Tuesday, July 5, 2011

So the sermon was on Jonah….


Over the 4th of July weekend Brad and I went out to NJ to visit his family.  Things have been kind of rocky.  Not in a drastic way, just in a we are looking out for ourselves selfish way.  Therefore, nothing ever “goes right”.  I offered up prayers to God these past few months in a repetitive way in a “God, please help me, please help us our  marriage, make it better” To be honest sometimes I just expect Him to go and wave a magic wand and make it all “alright” instead of sending trails and tribulations along the way to refine us.   Once again, to be honest my faith has never felt so weak and dry before. The other day I was crying and telling Brad how upset I was that I didn’t get to spend time with him in a while.  He sat there asking me to get up and I refused being so stubborn, I just laid there and soaked in my own misery, and he said “You are crying because you don’t spend time with me yet, right now I am asking you to spend time with me and your choosing to just stay here and cry.”How many times have I cried out to God asking Him to make my faith stronger, make things clearer, provide strength, the list goes on and on…and yet while expecting the magic wand thing to happen, it doesn't. How can I sit on idle hands and expect things to change?  


So getting back to the main story line, we were in NJ. We step into Sharptown Church and I grab a bulletin. I open it up and see the sermon title “Running from God” a series in Jonah. Wow. I knew and know that when it comes to my selfishness and my wanting to keep this life as my own, I am running from God. Constantly…constantly.  
Jonah 1:1-
 1 The word of the LORD came to Jonah son of Amittai: 2 “Go to the great city of Nineveh and preach against it, because its wickedness has come up before me.”
 3 But Jonah ran away from the LORD and headed for Tarshish. He went down to Joppa, where he found a ship bound for that port. After paying the fare, he went aboard and sailed for Tarshish to flee from the LORD.


Pastor Doug tied Jonah running away from God in so personally that it was almost uncomfortable to sit in my seat.  He noted that God told Jonah to go to Nineveh and Jonah said, no. Infact he went to the exact opposite of Nineveh and went to Tarshish.  He challenged us asking us what our “boat” was that we run to instead of running toward where God wants us to go.  I know God constantly tells me to look outside of my self and be more concerned about others, to actually give my whole heart and soul to Him and to give myself more to Brad instead of being so wrapped up in my self.  But I keep saying, No. No God, I’d rather just stay right here, infact I’d rather be so wrapped up in myself that I will forget about other peoples needs.  I will focus on all the little “problems” surrounding me.  There are later times in my life where I can look back and see that I am a Jonah, when I felt the Holy Spirit moving me to work with teen girls, I said no.  No God, I don’t even know what to say to them.  It is too awkward and too time consuming.  Or the youth group, God says preach the Gospel to these kids, work with them as unto me.  These are my children.  Care for them.  And yet, here I am again saying, God…it’s too hard, they don’t listen.  They don’t even want to be here, why should I?  

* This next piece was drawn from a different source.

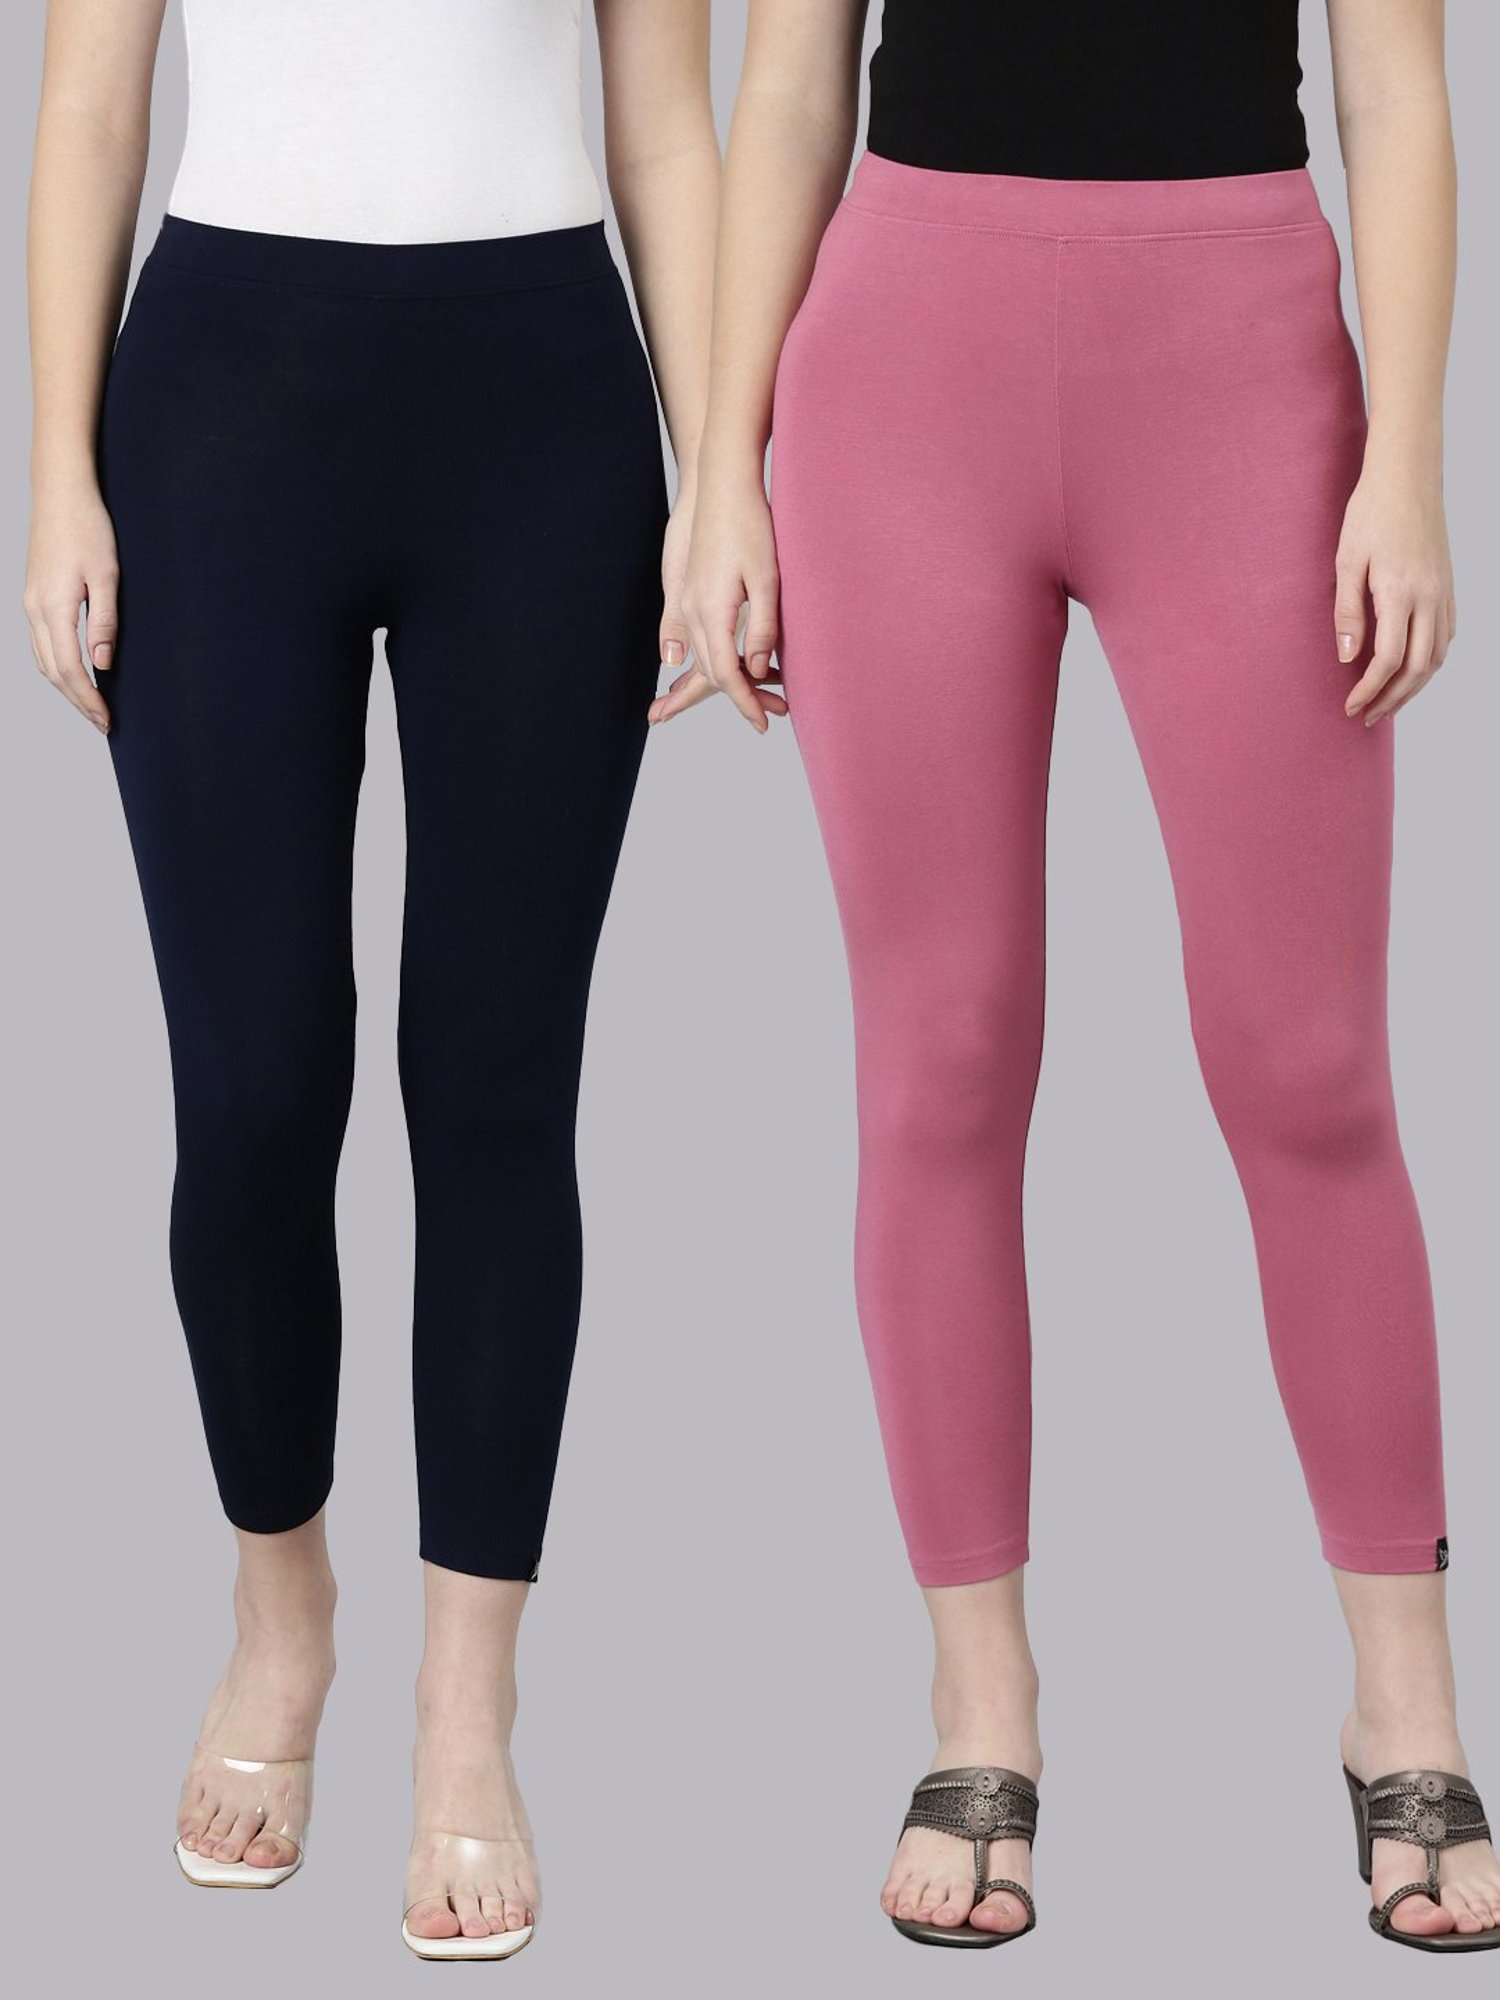 TWIN BIRDS Navy & Pink Plain Cropped Leggings - Pack Of 2

The sad part is, when we try and run from what God wants us to do, things only get worse.  There is no peace, things start going down hill, depression kicks in, life seems pointless.  Jonah for example, was in a boat to escape, the waves started to get crazy and they cast a lot to see which one of their “gods” were mad at them.  The lot landed on Jonah and he simply said, throw me overboard…


Jonah 1:10-12
10 This terrified them and they asked, “What have you done?” (They knew he was running away from the LORD, because he had already told them so.)
 11 The sea was getting rougher and rougher. So they asked him, “What should we do to you to make the sea calm down for us?”
 12 “Pick me up and throw me into the sea,” he replied, “and it will become calm. I know that it is my fault that this great storm has come upon you.”

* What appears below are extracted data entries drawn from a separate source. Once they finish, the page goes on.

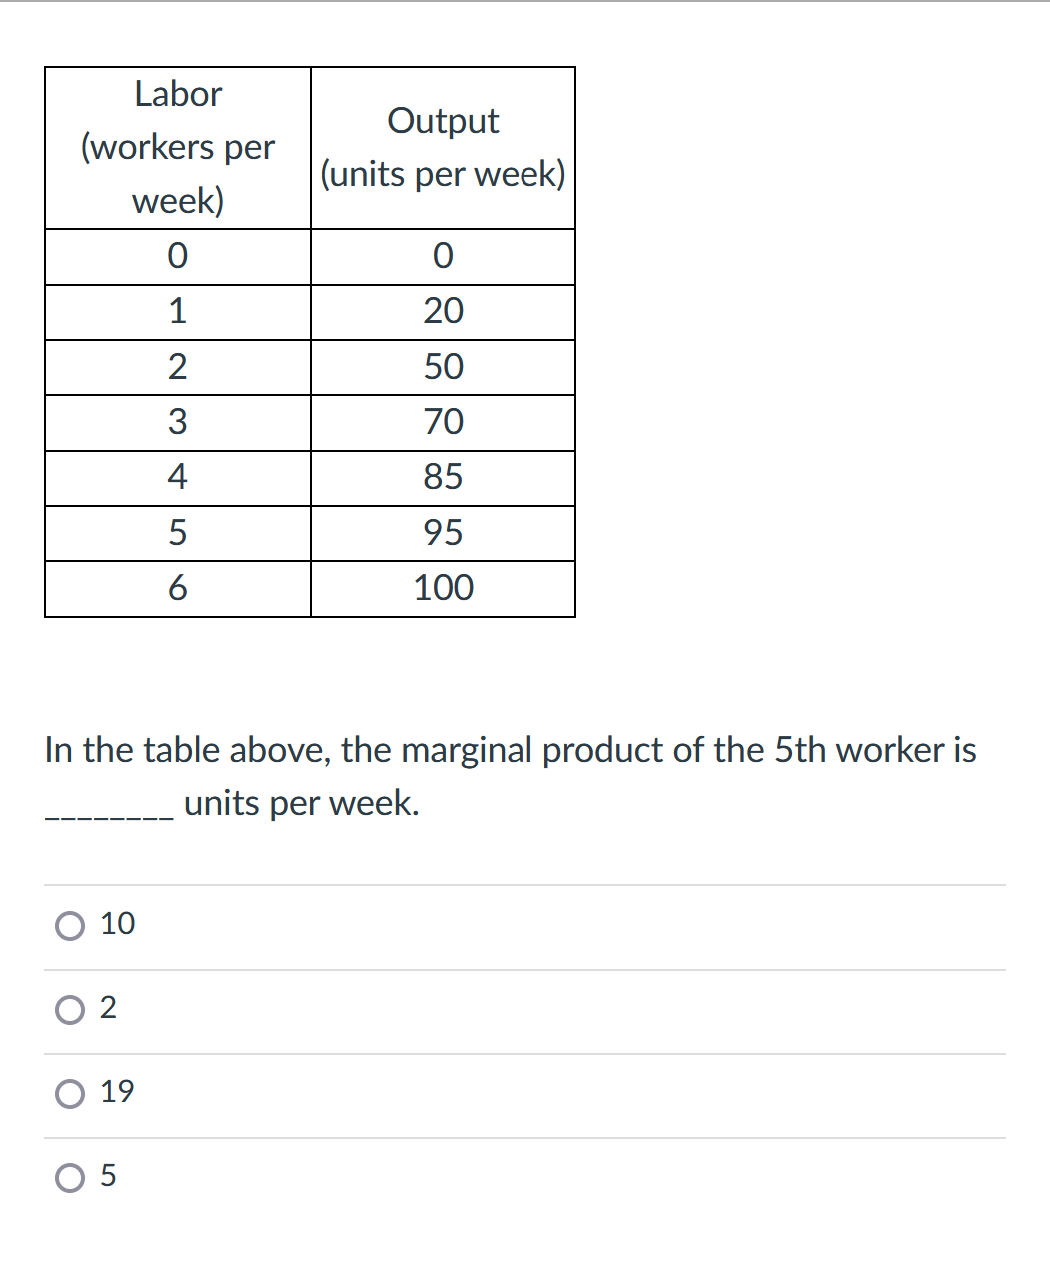 Labor
(workers per
week)
0
1
2
3
4
5
6
10
In the table above, the marginal product of the 5th worker is
units per week.
2
19
Output
(units per week)
05
O
20
50
70
85
95
100

At first they tried to keep him in the boat to spare his life, but eventually, as the sea just kept getting rougher, they threw him over.  Jonah then found himself in the belly of a fish. Things just kept going down hill.  Pastor Doug put it like this
When we decide to run away from what God wants us, we just keep going down, Jonah went down into a boat, down into the sea, down into the belly of a fish. We just keep going further down, down, and down.

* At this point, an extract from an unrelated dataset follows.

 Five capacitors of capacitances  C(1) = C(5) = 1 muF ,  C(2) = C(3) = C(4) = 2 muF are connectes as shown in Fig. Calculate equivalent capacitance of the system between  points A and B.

The point in me explaining all of this, although I am not sure if I kept on track or if I kept on wandering, is that we can all be like Jonah.  But like I said earlier, it is a sermon SERIES, and just as God brought Jonah out of the belly of fish and into where he wanted Him to go, after Jonahs repenting heart in the belly of the fish, and Jonah went to Nineveh.  He wasn’t  extremely  happy about it, but he did go, and at the end of the chapter we see God put Jonah in his place, and I believe that God changed Jonah’s heart for His people that day. 
I can’t end this post telling you that I had a huge revelation Sunday and that everything is fixed, but I can tell you that steps are being made.  I don’t want to sit on idle hands and disobey God.  And I certainly don’t want to end up in the belly of a fish!